L’ombre de Flynn plane et inquiète la Maison Blanche

L'ancien ministre Michaël Flynn, le 1er décembre, à Washington. Chip Somodevilla/AFP

Beaucoup avaient oublié qu’il y a dans quelque recoin du pouvoir aux États-Unis un procureur spécial, Robert Mueller, qui enquête et poursuit son patient travail de démêlage d’une bobine vraiment très embrouillée, que l’on appelle « l’affaire russe » (Russiagate). Depuis près de deux ans, par petites ou grosses touches, les journaux ne cessent d’en distiller des épisodes. Mais ils sont parfois si différents les uns des autres, et les acteurs dans cette pièce sont si nombreux que peu de gens ont réussi à garder le fil de l’histoire.

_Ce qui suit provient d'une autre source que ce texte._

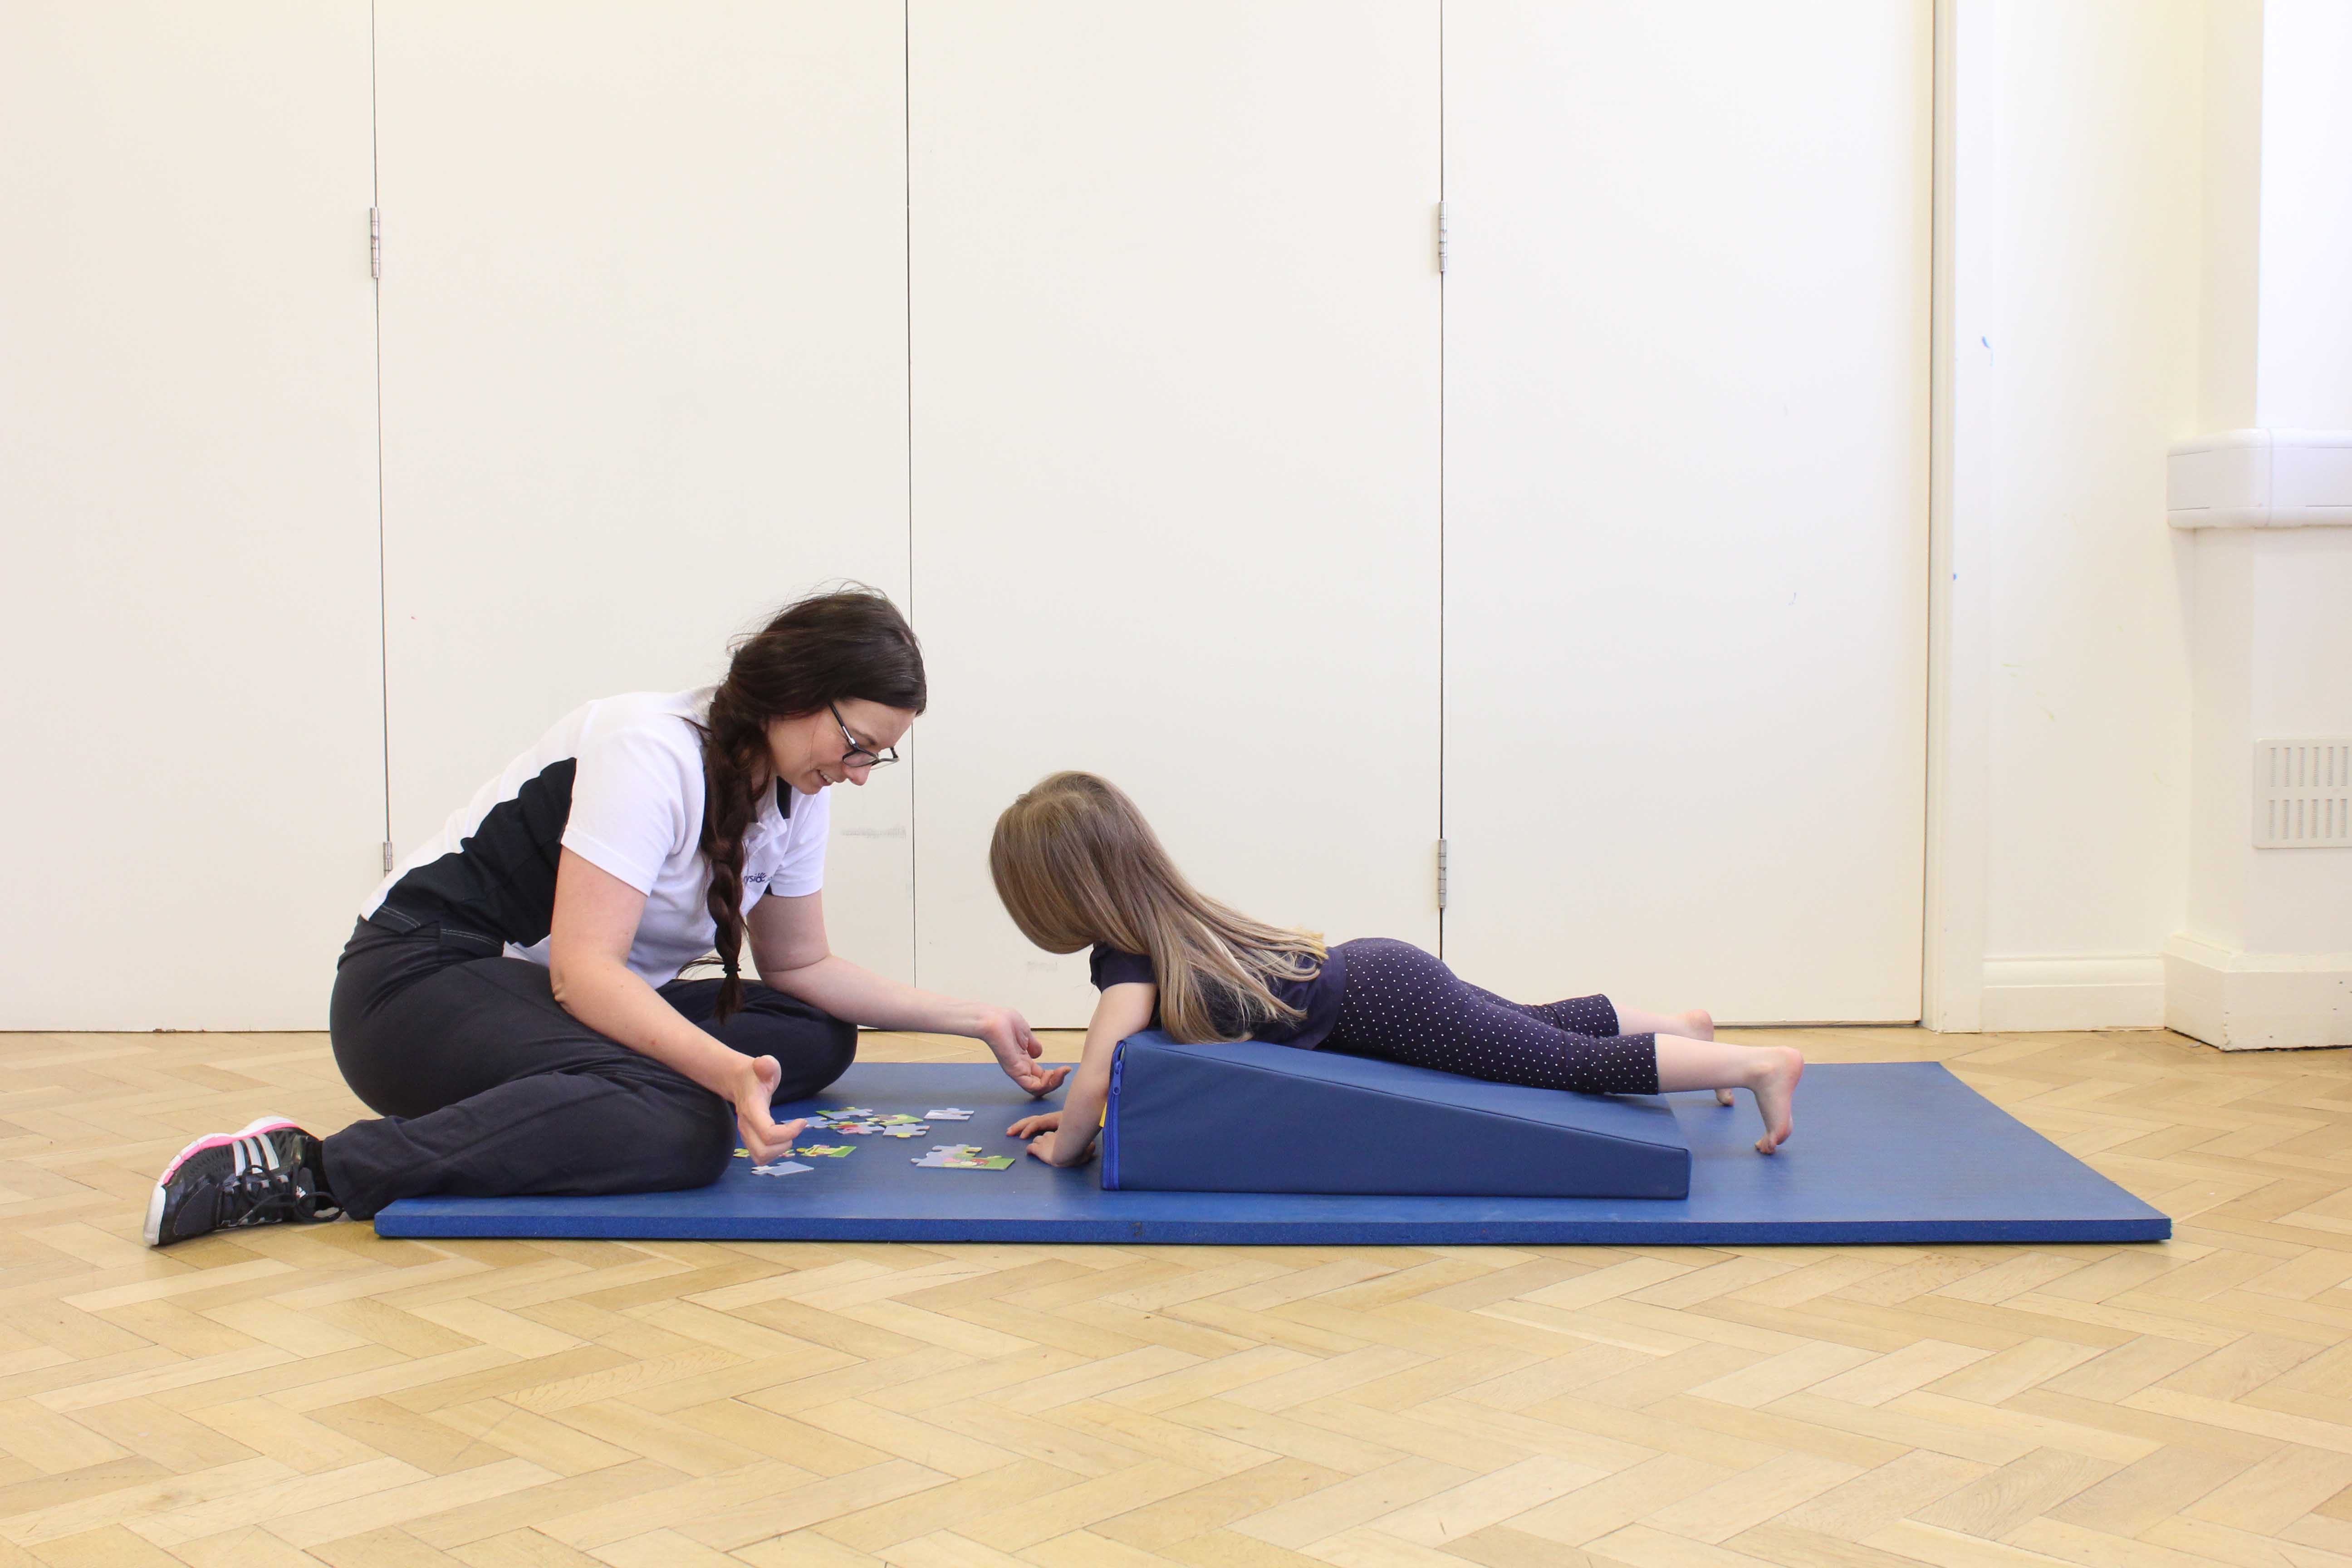 Upper limb mobility exercises through play activities supervised by a neurological physiotherapist

D’ailleurs, les Américains, lorsqu’ils sont interrogés à ce sujet, se contentent d’émettre une opinion assez vague, mus par un sentiment qu’effectivement quelque chose n’est pas clair dans cette affaire, sans être forcément convaincus que leur président y est directement et personnellement impliqué. Jusqu’au début de ce mois, les partisans de Trump affirmaient toujours être fermement persuadés – à 75 % tout de même ! – que tout cela n’était qu’intox politique. L’inculpation de Michael Flynn va-t-elle changer les choses ?

Le début de la fin ?

Lorsque ce dernier est entré, vendredi 1er décembre, dans le palais de justice fédéral à Washington pour conclure un accord impliquant sa totale coopération avec les enquêteurs, les adversaires les plus farouches de Trump ont immédiatement considéré que cet épisode marquait le début de la fin de sa présidence. L’affaire russe n’est-elle pas, en effet, le meilleur moyen d’atteindre le Président ? A leurs yeux, Flynn pourrait bien se révéler être l’homme qui permettra d’abattre celui qui semblait jusqu’ici indestructible.

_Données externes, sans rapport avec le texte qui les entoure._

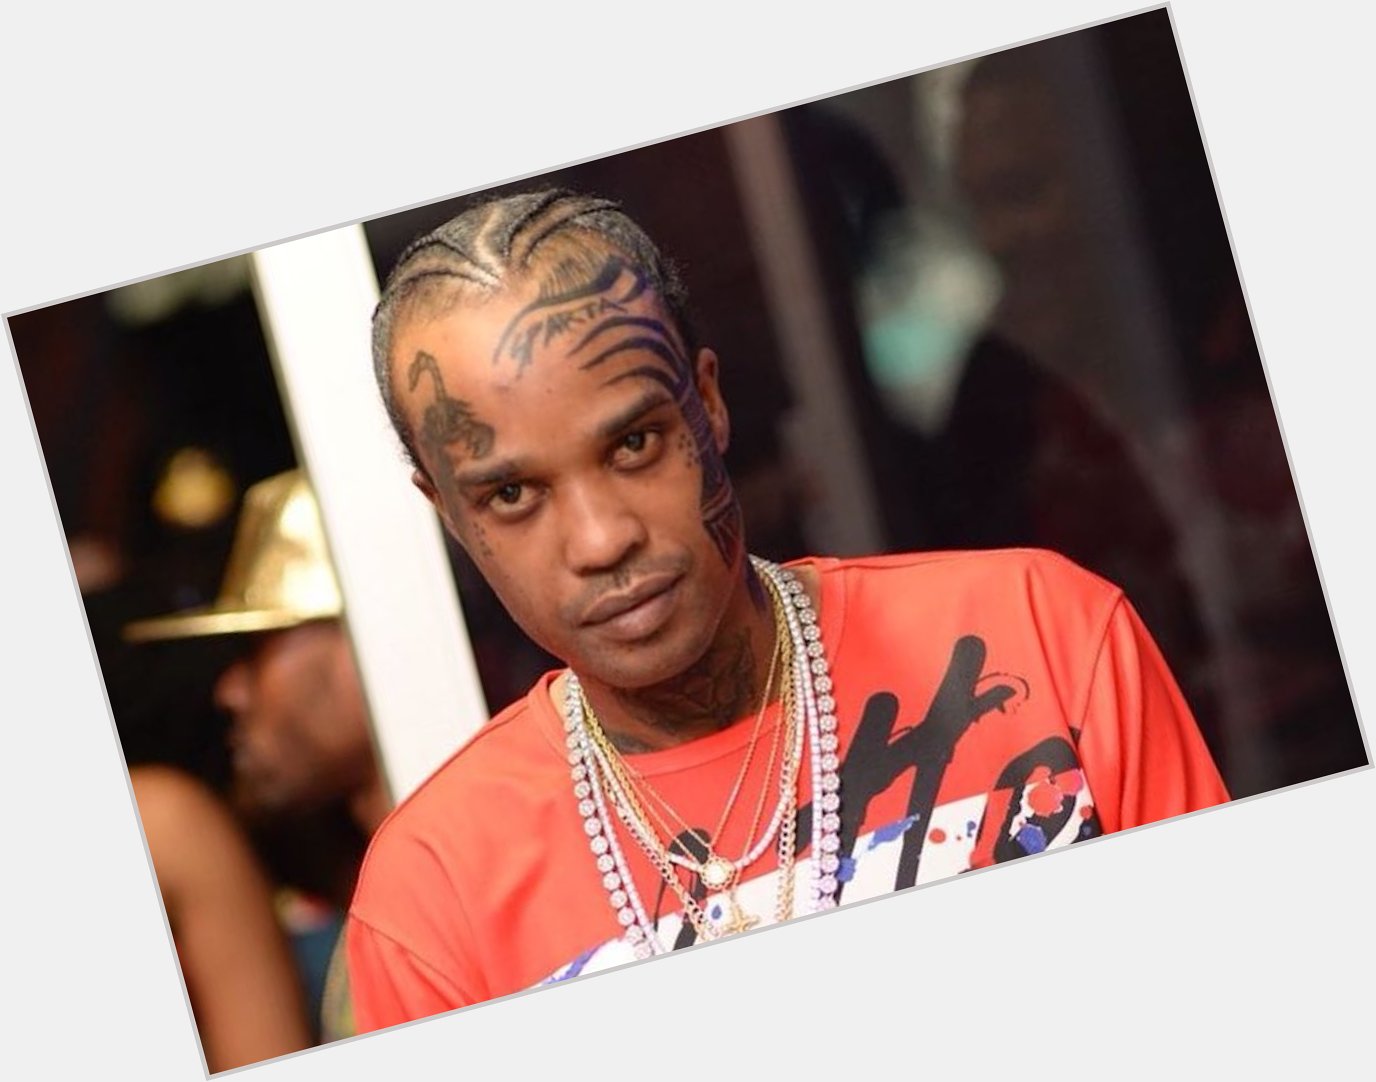 Tommy Lee Sparta hairstyle 3

Depuis la nomination de Robert Mueller à la tête d’une enquête indépendante, ces opposants n’ont jamais douté que Trump finirait en prison. Le magistrat recueille patiemment ses preuves, auditionne les témoins, perquisitionne, se fait communiquer de grandes quantités de documents, y compris de la part de la Maison Blanche. Il prend soin de faire valider ses progrès par le grand jury qu’il a constitué et et qui l’autorise à chaque fois à poursuivre un peu plus loin son enquête.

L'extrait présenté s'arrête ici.